The infrastructure argument is often a straw man for the real concern, valid or not, that increased density will decrease property values.

“We hear it all the time at the Statehouse, the belief that new housing might impact my property values; it may create a situation where kids come into the town and they need schools and we have to educate them and my taxes will go up,” says Quinn, who is also the director of government affairs for the realtors.

“On the House floor we’ve heard reps argue that multi-family creates more crime, more drugs. It’s this fear of the unknown. But none of those things are true. All have been explored thoroughly and found to have no validity, yet they persist even after you present people with this data and evidence.”

Disproportionate Burden
Byrnes maintains there’s nothing inherently wrong with restricting higher density housing to the state’s population centers.

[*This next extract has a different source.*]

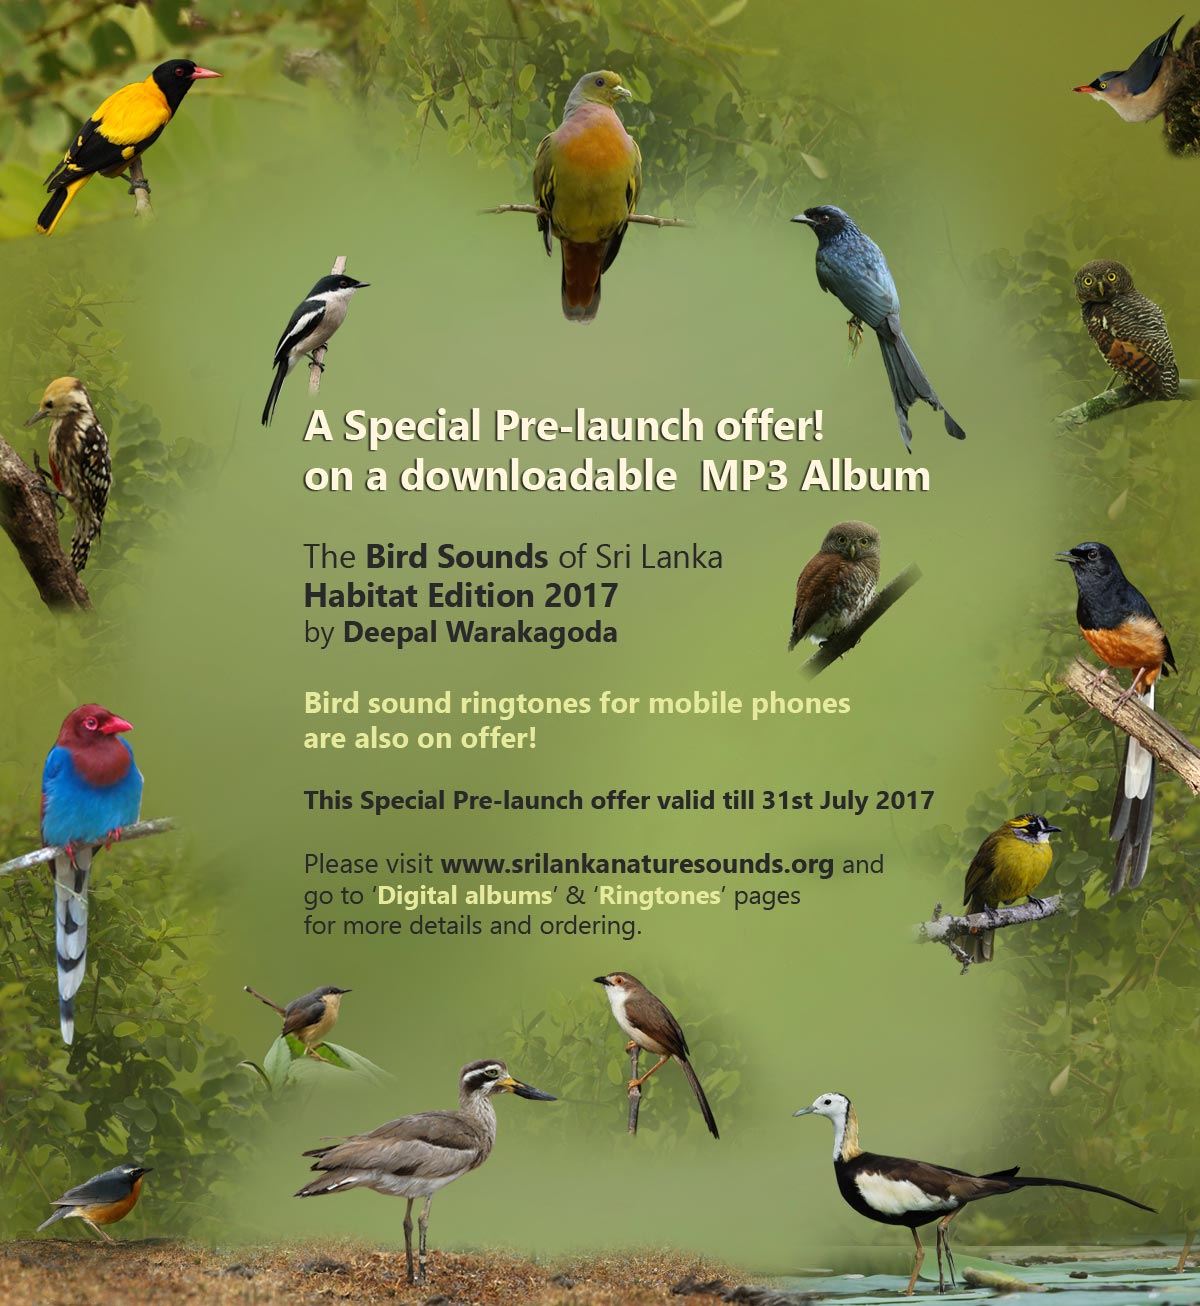 bird sounds of Sri Lanka | Sri Lanka Nature Sounds

“Developers want to build in areas that are hubs for business and employees, with public water, sewer and other key infrastructure like easy access to highways and sufficient parking,” she says, arguing it simply makes sense for the bigger, more developed places to take on the lion’s share of new housing. Accepting the status quo will never lead to meaningful solutions, says Matt Mayberry, CEO of the NH Home Builders Association. “It’s a statewide problem, not a regional problem, not a municipal problem,” he says. “It’s not fair to expect Manchester to provide solutions while Bedford pulls up the drawbridge and says we don’t want those people in our town; let Nashua, let Manchester deal with it.”